Did you guys have this at his age and how did you handle? Any advice?

xo
Kim


----------



## MalteseObsessed (Mar 7, 2010)

oh dear sweet and naughty Tyler! I have no advise, but just wanted to say hi! I thought you might be on one of your June trips that you had to go on! Tyler == please be good for your mommy!


----------



## BeautifulMaltese (Dec 4, 2013)

I have the same problems with Riley!

He's my first boy, I never had these issues with Zoe, so maybe it's a boy thing!

He loves tissues, paper, tags, shoes, anything he can get a hold of! And yes, I have to chase him around for sometimes 10 min (he goes under my bed) to get the stuff away from him lol.....

To them, it's playing. Keep in mind, they are still puppies at that age (Riley will be 6 months soon). Consistency with discipline ("No" sort of works, sometimes he just barks at me lol.....

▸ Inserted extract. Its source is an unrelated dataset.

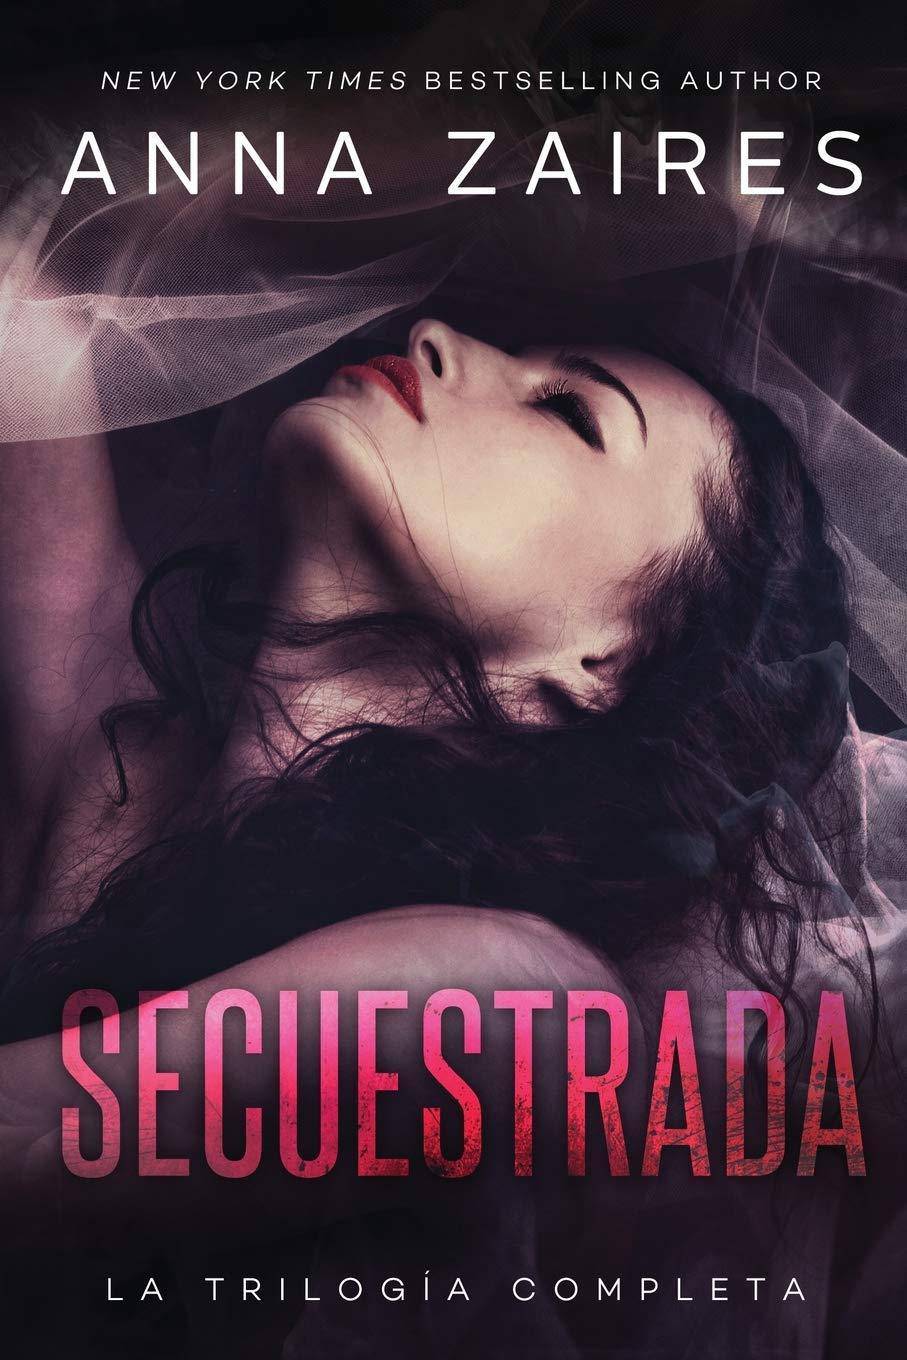 Secuestrada - SureShot Books Publishing LLC

Other times, he's an absolute angel :innocent:

Be patient, they do learn (eventually) !

Good luck! 


kd1212 said:


> Hi All:
> 
> Tyler just turned 8 months last week and this week he's really out of control. He's taking any paper, picture, book within rage and shredding it. If we say, "leave it," he makes us chase him and runs around. He's taken paper before this week, but he seems to be becoming way more defiant lately. And, he doesn't listen when I use the training commands we've been taught (we're in obedience classes and agility classes)--he completely ignores my leave its, sits, touch, stay, down, etc. He's also trying to get into the garbage. The only way to stop him from any of this is if I say, "okay, bye" and close myself into the doors that lead to our bedrooms and bathrooms. However, he's caught on to that too! Today, I had to wait 5 minutes behind the doors for him to finally freak out that I locked myself away from him all while he ruined a picture of my niece!
> 
> ...


----------



## bellaratamaltese (May 24, 2006)

Do you crate him at all? Or have him in an xpen when you aren't able to watch him like a hawk? I usually try to not give training advice because well, it's not my strong point  But if he's being naughty and getting into that many things, he most likely has too much freedom. Hopefully the better' trainers' on the forum will chime in!


----------



## maddysmom (Mar 8, 2012)

Hi Kim! Before Lacie got sick I would walk her to tire her out so she wasn't pent up with energy...which for Lacie led her to chew and tear up anything she could find. When she took things and I asked her to leave it...she would run away because she thought it was a game...I ignored this behavior and walked the other way and she finally caught on that it wasn't playtime.
My trainer advised me to put her in the xpen if she couldn't be trusted, whether I was home or not and finally she stopped getting into things...until yesterday when I bought this beautiful teak lounger to lay on and she chewed the knob:blush:


----------



## Lou's Mom (Apr 8, 2014)

I'm not an expert either but I suspect he thinks it's a game now with you chasing him around! And it's not just boys - my baby girl, Dallas is a bit of a stinker with tissue and paper towels! Got to watch her like a hawk when the husband is dropping stuff. A crate or leashed to you should help and go back to the basics of obedience from the beginning with lots of exercise. I have to wear her out most days playing fetch!


----------



## Fee (Oct 26, 2013)

Welcome to my world  Boycie is almost 1 year old and oh boy is he a naughty pup!  I eventually manage to control him, but when he is bored he will find something to drag, tear or chew on to get my attention and then I have to chase him around to recover the item, he loves this! If I am doing something on my computer or reading and he is bored, he will pull on my skirt hem or leggings to kind of provoke me to chase him again.  I even take him on walks regularly, but puppies just wanna have fun!  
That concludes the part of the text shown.